Few co-parents expect
these three stressors, or know how to avoid and resolve them
effectively as teammates. Most human-service professionals don't know how either.
Projects 2 and
9 in this site offer more perspective and practical solution-options.
While the
goals of typical stepfathers and stepmothers are the same
as average bioparents [guide, nurture, protect, and enjoy their (step)kids],
the...
personal, household, and social
environments
in which they try to achieve these goals
differ in up to
40
ways, and...
their stepkids can have over 30 "extra"
family-adjustment
needsthey need informed,
empathic co-parent guidance with.
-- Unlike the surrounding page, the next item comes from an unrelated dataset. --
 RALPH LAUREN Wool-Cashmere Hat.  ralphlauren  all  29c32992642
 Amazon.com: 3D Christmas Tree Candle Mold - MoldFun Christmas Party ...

Tragically, this is rare.
These many interactive differences
complicate stepfamily roles, and can hinder providing
effective child discipline in and between minor stepkids'
two homes.
This can promote confusion, doubt, misunderstandings, and frustrations
among everyone - specially if there are significant
barriers
among the three or more co-parents. This one of the reasons that
effective communication
is essential among stepfamily adults and supporters!
For these and
other reasons, typical stepfamily couples'
chances of psychological or legal re/divorce are significantly higher than
average U.S. first-time marriers,despite having more life
and relationship experience. This non-profit Web site proposes
12 family Projects
to guard against this major risk.
In other ways,
average multi-home stepfamilies and typical intact one-home nuclear
biofamilies are exactly
the same.
This can lull typical idyllic courting co-parents into an unjustified sense
of security ("Hey - a family's just a family. How
different could our combined families be?")
About
90% of U.S. stepfamilies follow the
divorce
of one or both new mates. A brief century ago, ~90% followed the
death of one or both mates' prior partners.
More stepfamily basics...
American stepfamily couples
are more apt to differ widely in age,
race, religion, ethnic ancestry, financial
assets and debts, and educational level than
typical first-time couples. Stepfamily wives are more apt to be older than
their husbands than in first marriages;
A typical
stepdaughter or stepson may...
Have three or more co-parents
(a divorced biomom and biodad, and a stepmom, stepdad, or both), living
in two homes;
Have
zero to eight
living stepfamily
co-grandparents, and a proportionately large number of
step-aunts, uncles, cousins, and other relatives;
Have biosiblings, stepsiblings, and/or half-siblings
in the same home, in their other bioparent's home, in both, or none of
these;
May be legally adopted
by their stepmother, their stepfather, both, or neither. Most U.S.
stepparents don't adopt;
May have the same first name
as a stepsibling and/or their same-sex stepparent, and may have
a different last name than their re/married biomother;
May receive no
bequest if a stepparent
dies without a will, even if they were emotionally close for many years;
And typical stepkids may...
Feel sexually
attracted (or attractive) to a resident or visiting
stepsibling, and/or a young stepparent, because the incest taboo
is weaker in average stepfamilies. The odds of American stepdaughter
incest by a step-relative are higher than for biodaughters and
biorelatives;
Change
primary residence
to live with their other bioparent sometime before they're 18. This
happens in about 30% of typical U.S. stepfamilies, creating waves of
emotional, financial, structural, legal and lifestyle changes in and
between both homes;
Have up to 35 concurrent
adjustment
needs from childhood trauma, parental divorce and remarriage/s,
and becoming a stepchild, on top of normal
developmental needs- often with little informed guidance
from family adults, teachers, relatives, or others.